[[ Provided data, beginning ]]

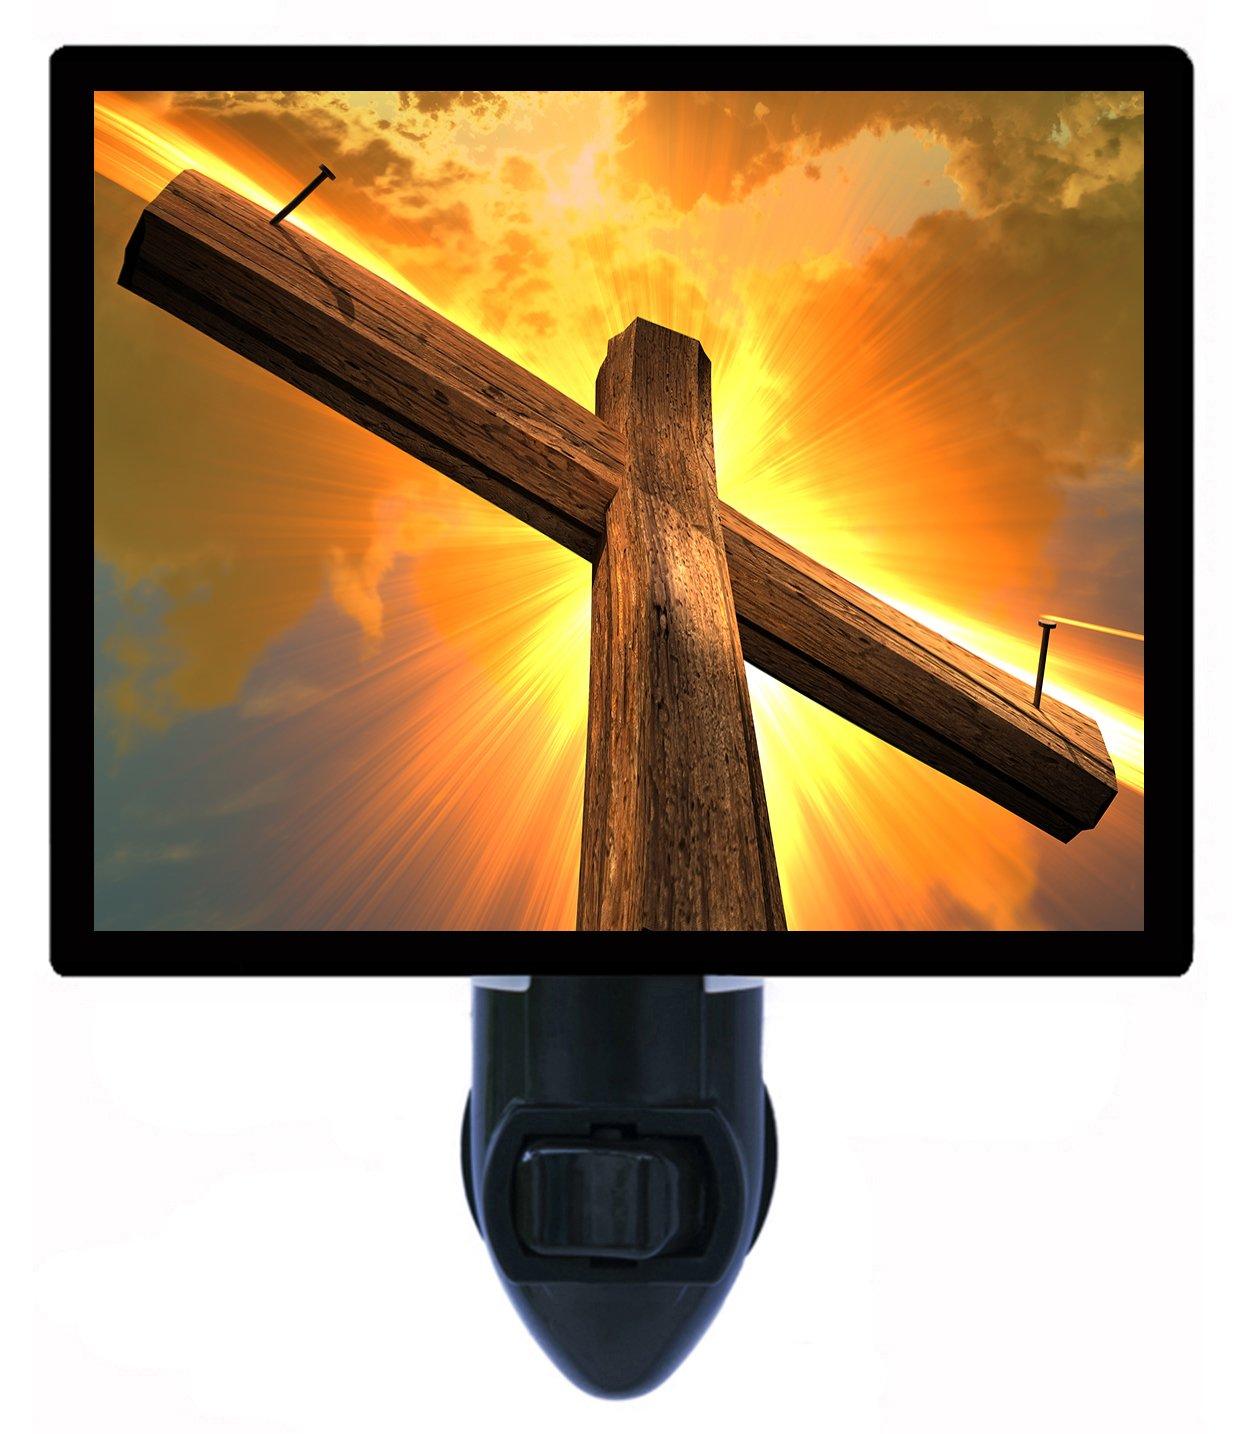 Night Light - Nails in Cross - Religious - Christian - Jesus
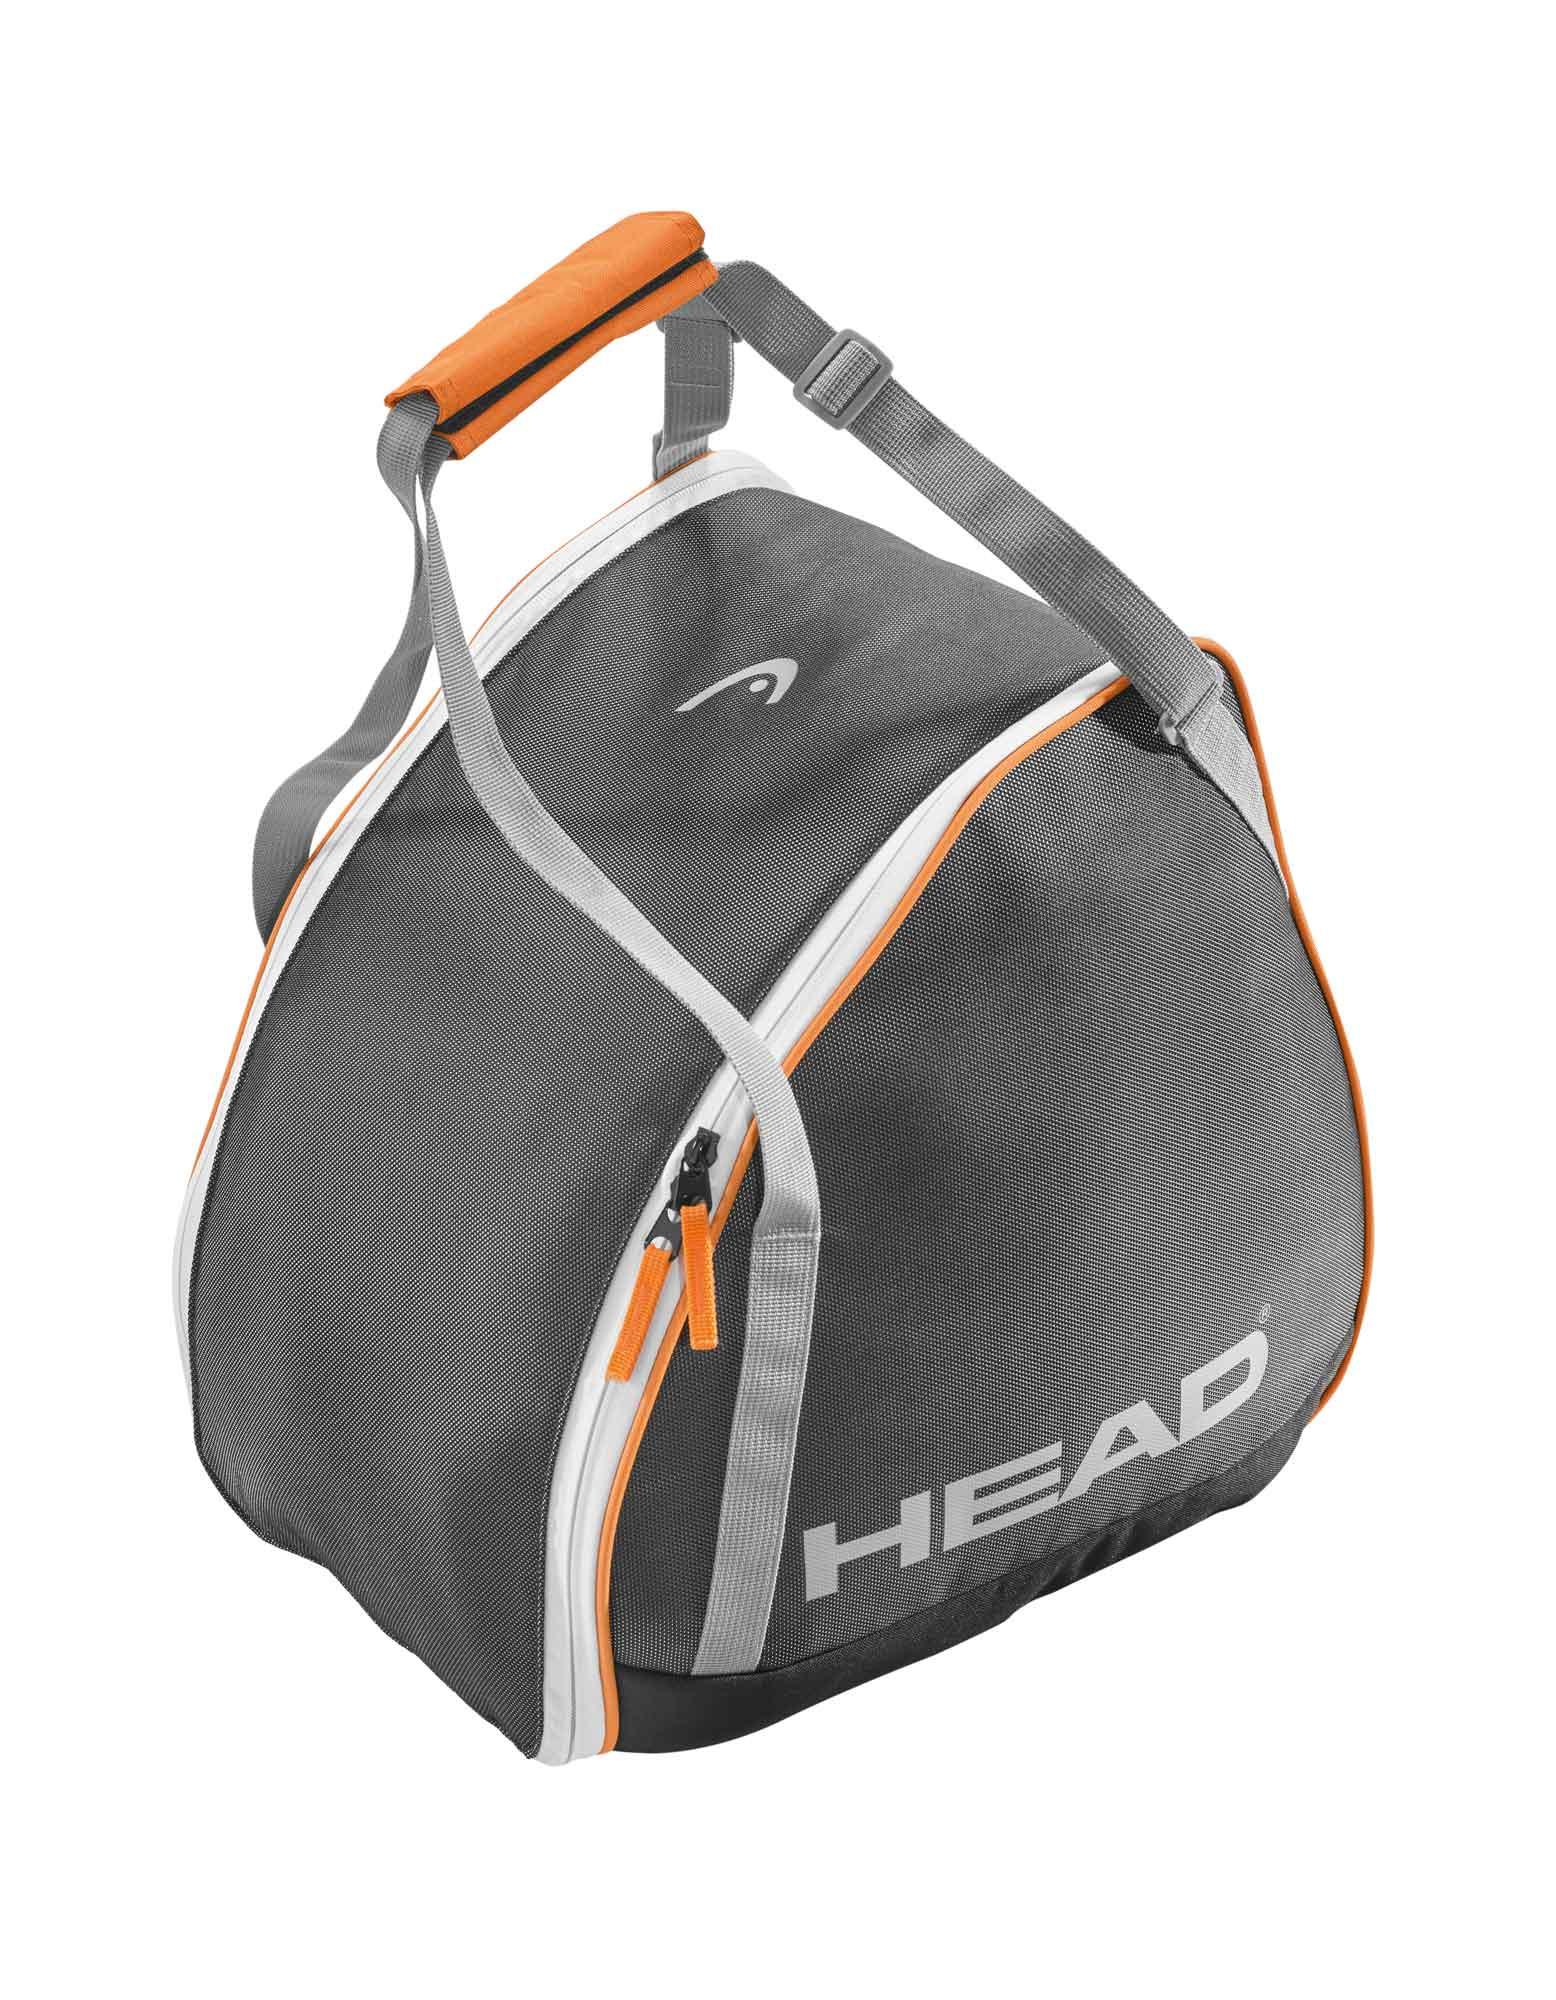 Head Boot Bag - Skischuhtasche mit neuartigem Öffnungssystem
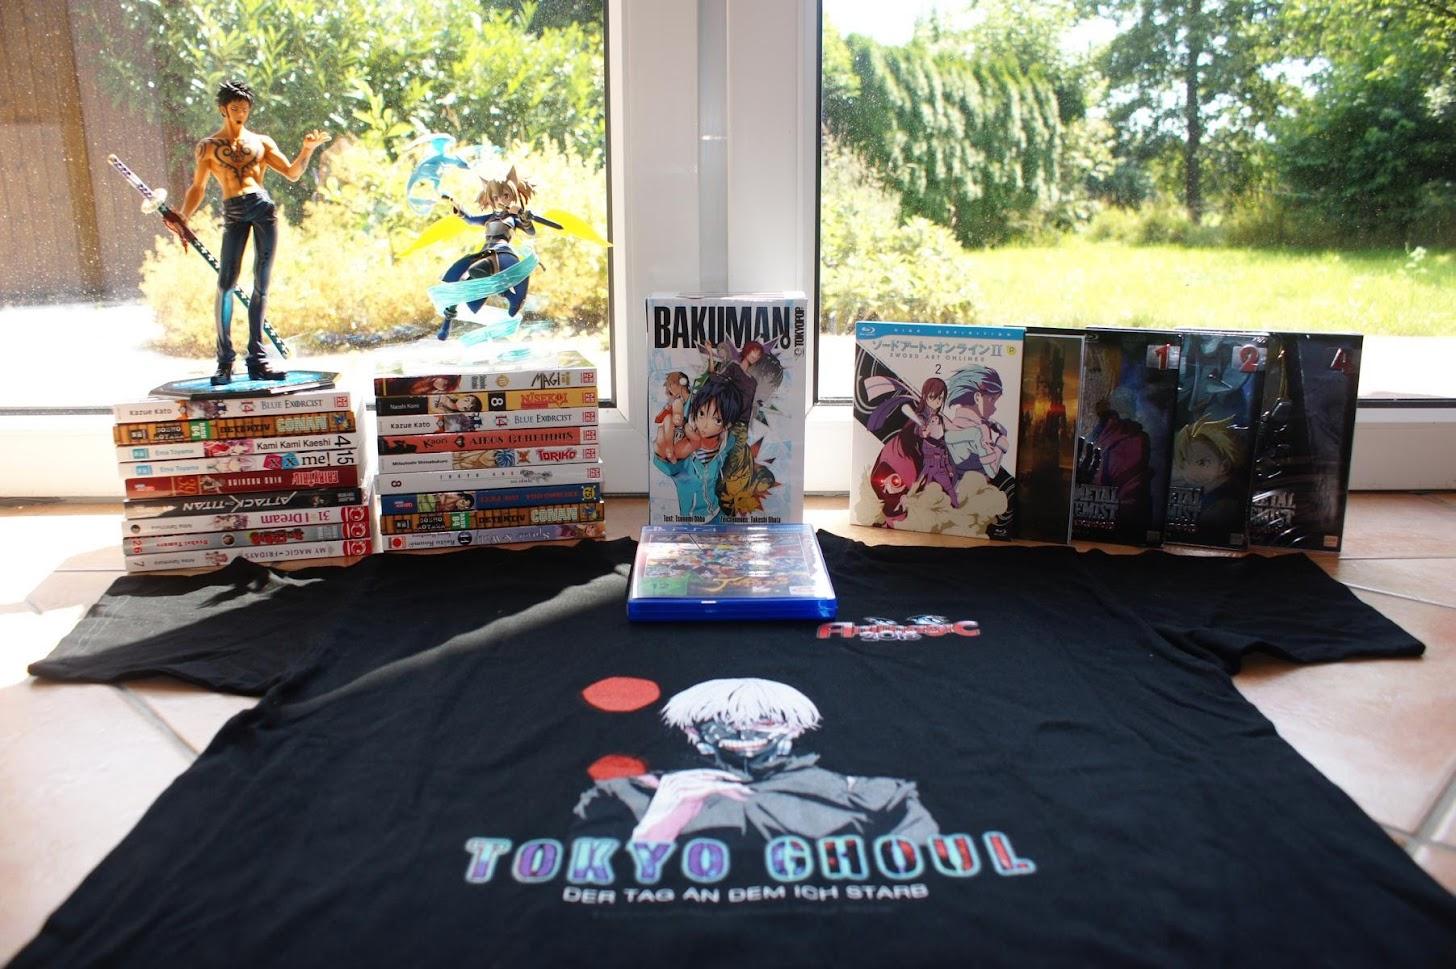 Loot Juli 2015 One Piece SAO Sword Art Online Tokyo Ghoul Fullmetal Alchemist Bakuman Animagic 2015
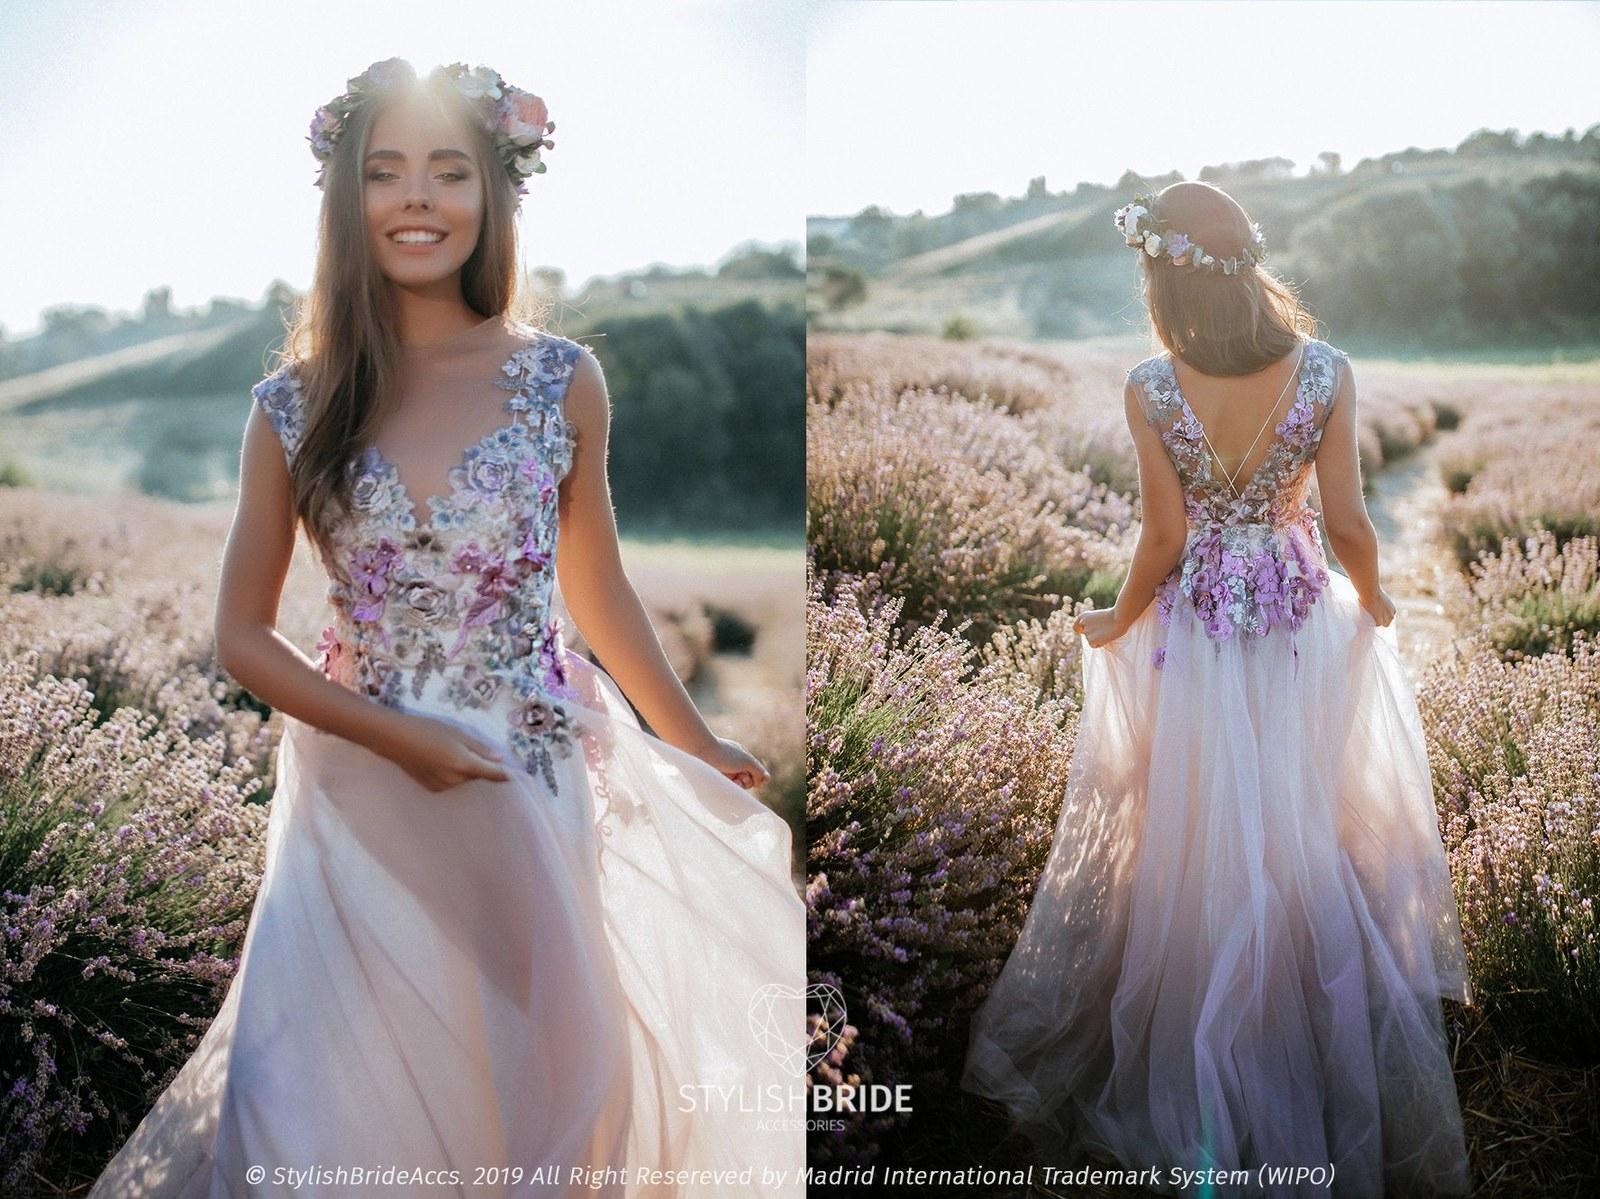 unconventional wedding dress,alternative wedding dresses,

[[ Provided data, end ]]

* **Task statement**
Transcribe all of the data above exactly; no picture belongs in the copy.

* **Response to this task**
 Night Light - Nails in Cross - Religious - Christian - Jesus
 Head Boot Bag - Skischuhtasche mit neuartigem Öffnungssystem
 Loot Juli 2015 One Piece SAO Sword Art Online Tokyo Ghoul Fullmetal Alchemist Bakuman Animagic 2015
 unconventional wedding dress,alternative wedding dresses,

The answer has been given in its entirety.